Task design and performance.

a, Illustration of agent-feedback. Each selected bandit generated a true outcome, either a reward or a non-reward. Participants did not see this true outcome but instead were informed about it via a computerised feedback agent (reward: dollar sign; non-reward: sad emoji). Agents told the truth on most trials (left panel). However, on a random minority of trials they lied, reporting a reward when the true outcome was a non-reward or vice versa (right panel). b, Participants received feedback from 3 distinct feedback agents of variable credibility (i.e., truth-telling probability). Credibility was represented using a starbased system: a 3-star agent always reported the truth (and never lied), a 2-star agent reported the truth on 75% of trials (lying on the remaining 25%), and a 1-star agent reported the truth half of the time (lying on the other half).
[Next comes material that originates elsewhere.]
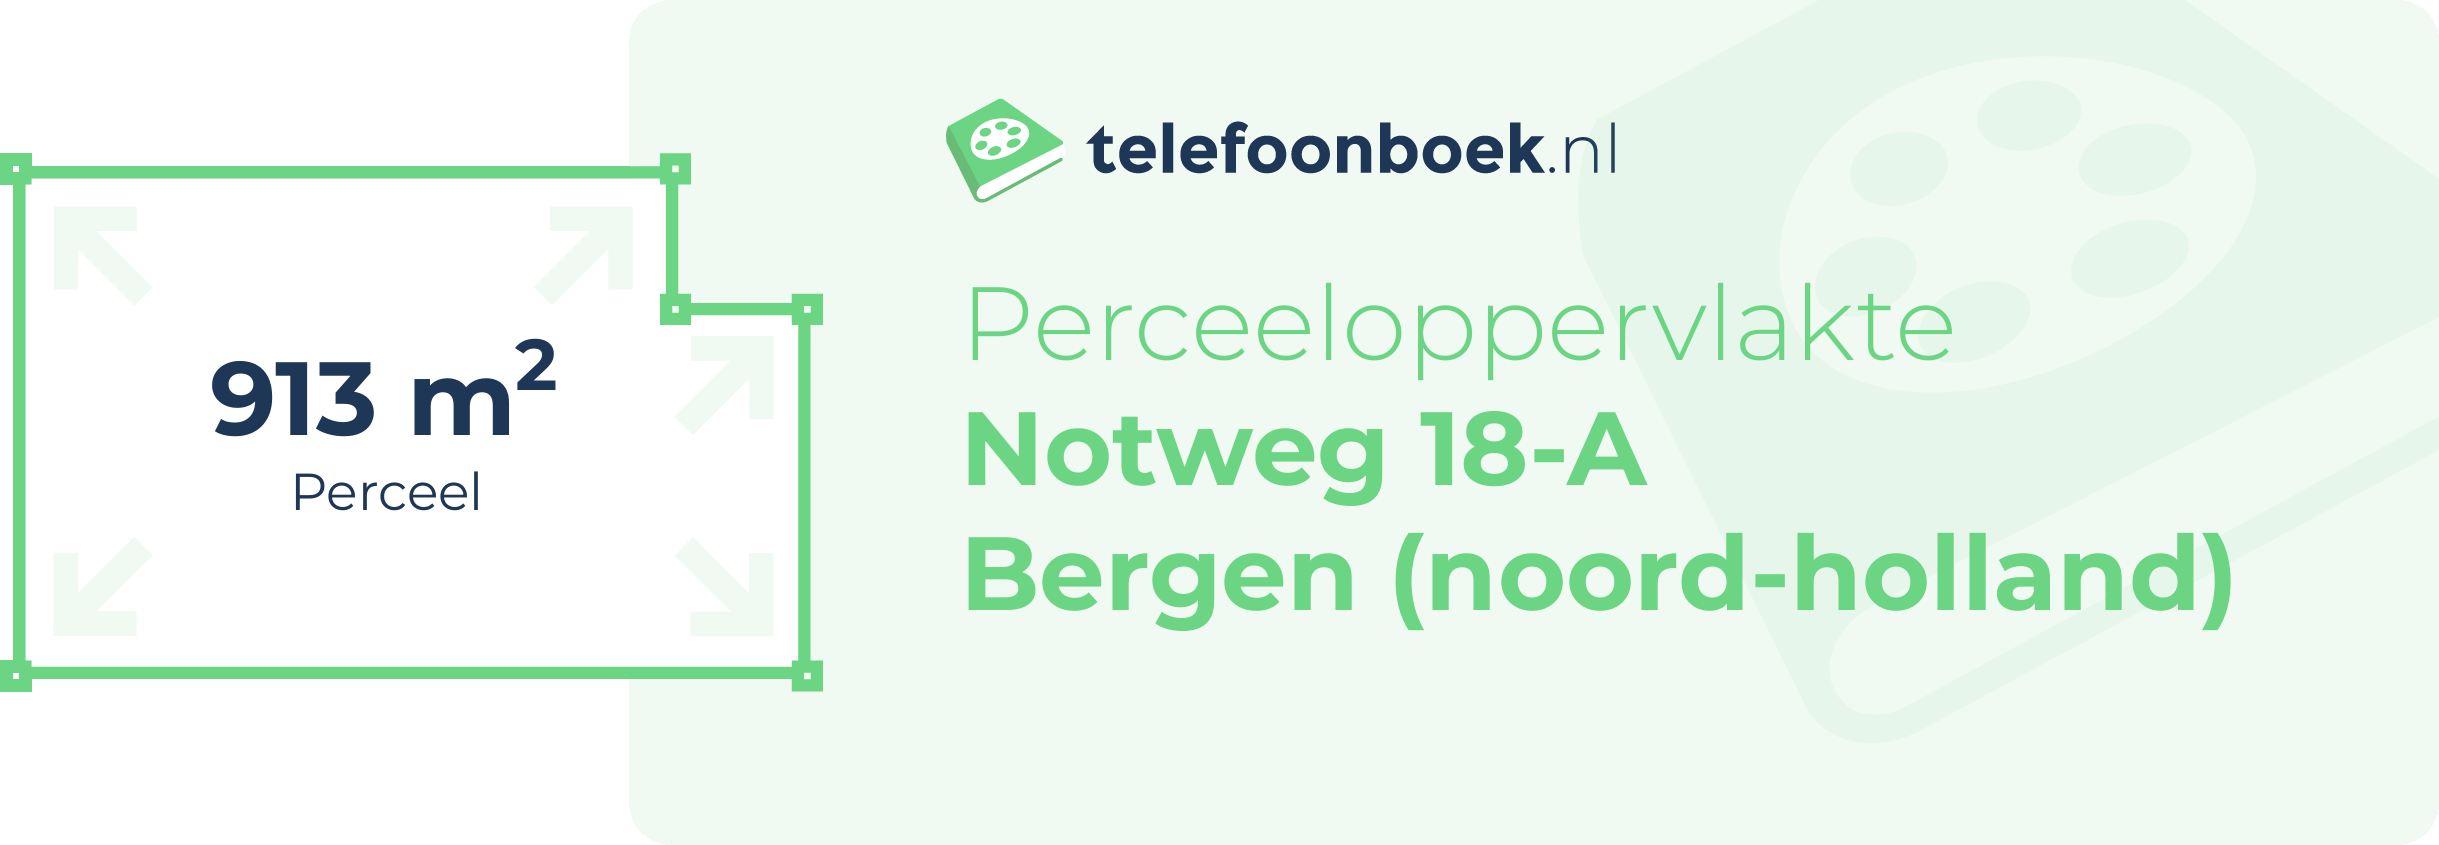 Perceeloppervlakte Notweg 18-A Bergen (Noord-Holland)

Participants were explicitly instructed and quizzed about the credibility of each agent prior to the task. c, Trial-structure: On each trial participants were first presented with the feedback agent for that trial (here, the 2-star agent) and next offered a choice between a pair of bandits (represented by identicons) (for 2sec). Next, choice-feedback was provided by the agent. d, Learning curves. Average choice accuracy as a function of trial number (within a bandit-pair). Thin lines: individual participants; thick line: group mean with thickness representing the group standard error of the mean for each trial.
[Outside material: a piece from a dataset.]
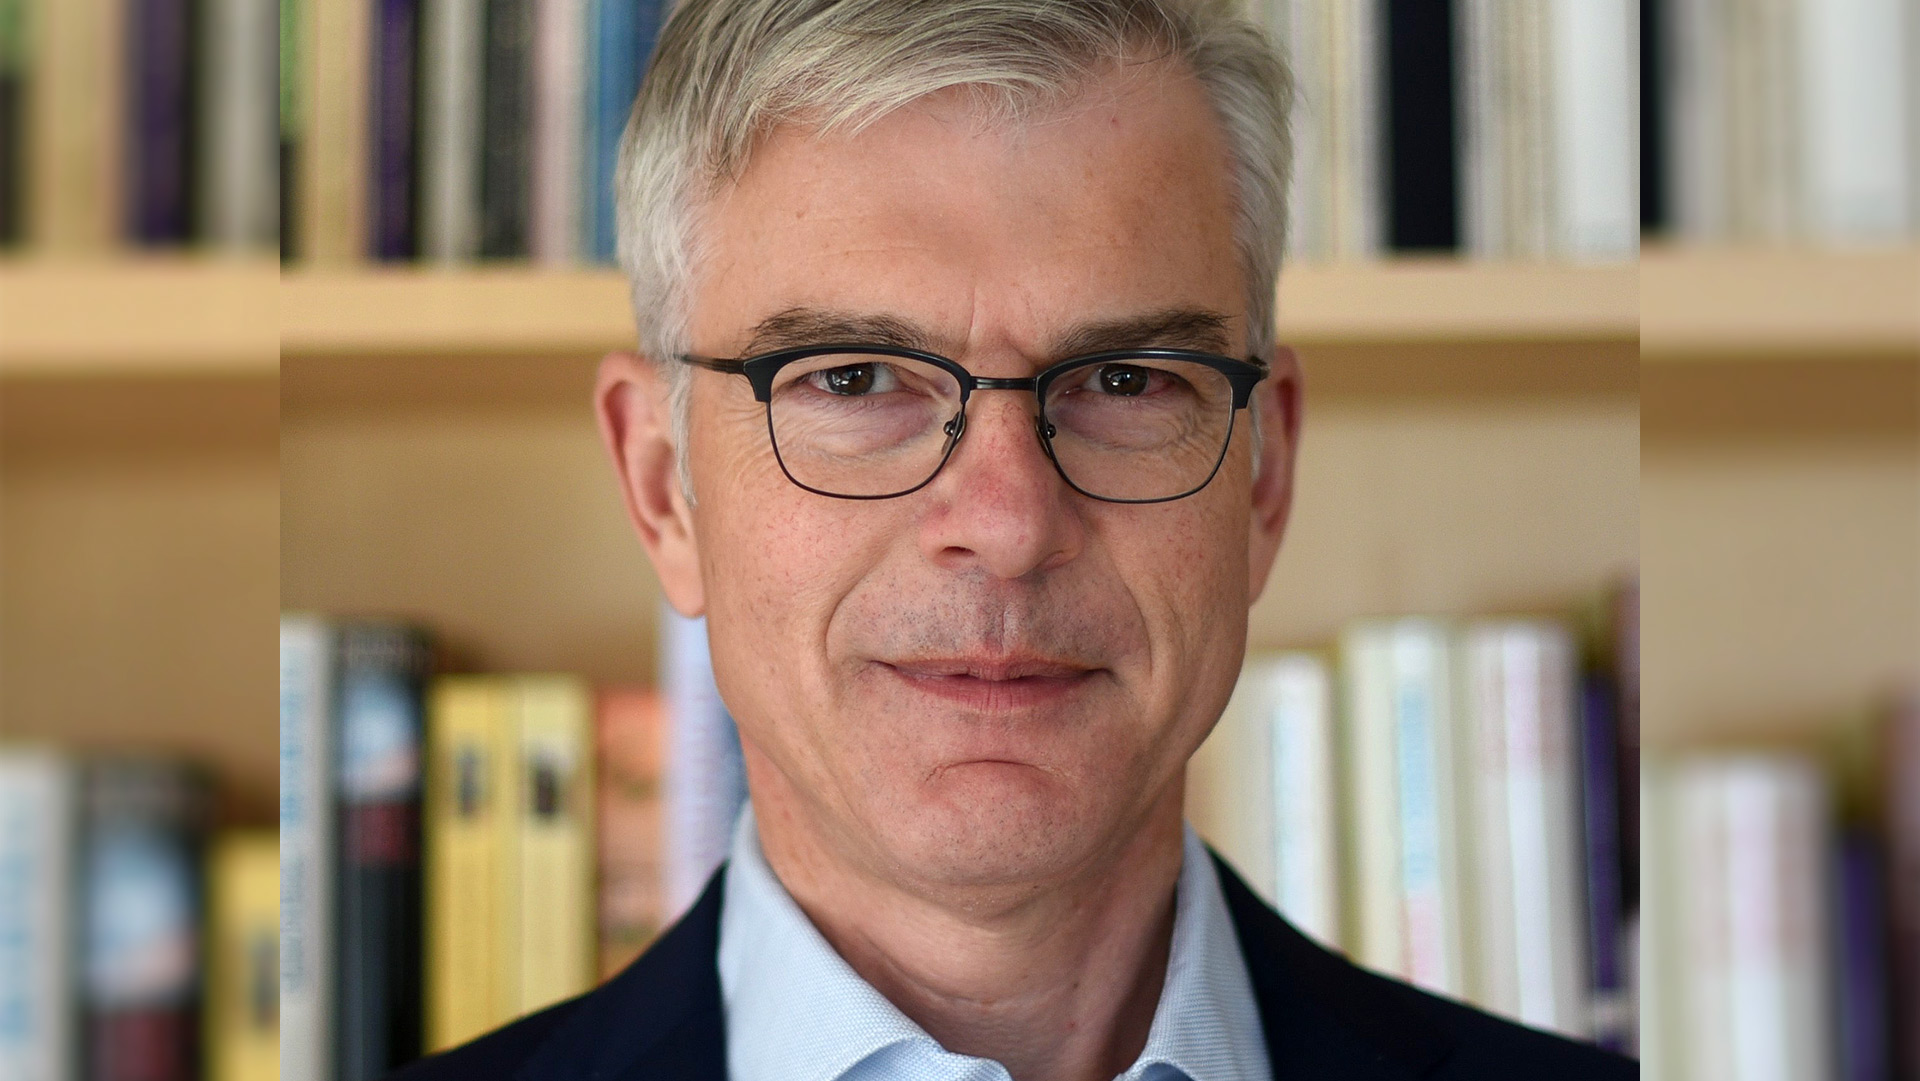 Prof. Dr. Martin Werding, Lehrstuhl für Sozialpolitik und öffentliche Finanzen, Ruhruniversität Bochum | privat

Credible feedback promotes greater learning

A hallmark of RL value-learning is that participants are more likely to repeat a choice following positive compared to negative reward-feedback (henceforth, “feedback effect on choice repetition”). We tested a hypothesis, based on Bayesian reasoning, that this tendency would increase as a function of agent-credibility (Fig. 3a). Thus, in a binomial mixed-effects model we regressed choice-repetition (i.e., whether participants repeated their choice from the most recent trial featuring the same bandit pair; 0-switch; 1-repeat) on feedback-valence (negative or positive) and agent-credibility (1,2, or 3-star), where these are taken from the last trial featuring the same bandit pair (Methods for modelspecification). Feedback valence exerted a positive effect on choice-repetition (b=0.72, F(1,2436)=1369.6, p<0.001) and interacted with agent-credibility (F(2,2436)=307.11, p<0.001), with a feedback effect being greater for more credible agents (3-star vs. 2-star: b= 0.91, F(1,2436)=351.17; 3-star vs. 1-star: b=1.15, t(2436)=24.02; and 2-star vs. 1-star: b=0.24, t(2436)=5.34, all p’s<0.001). Additionally, we found a positive effect of feedback for the 3-star agent (b=1.41, F(1,2436)=1470.2, p<0.001), and a smaller effect of feedback for the 2-star agent (b=0.49 ,F(1,2436)=230.0, p<0.001). These results support our hypothesis that learning increases as a function of information credibility (note that the feedback effect for the 1-star agent is examined below; see “Non-credible feedback elicits learning”).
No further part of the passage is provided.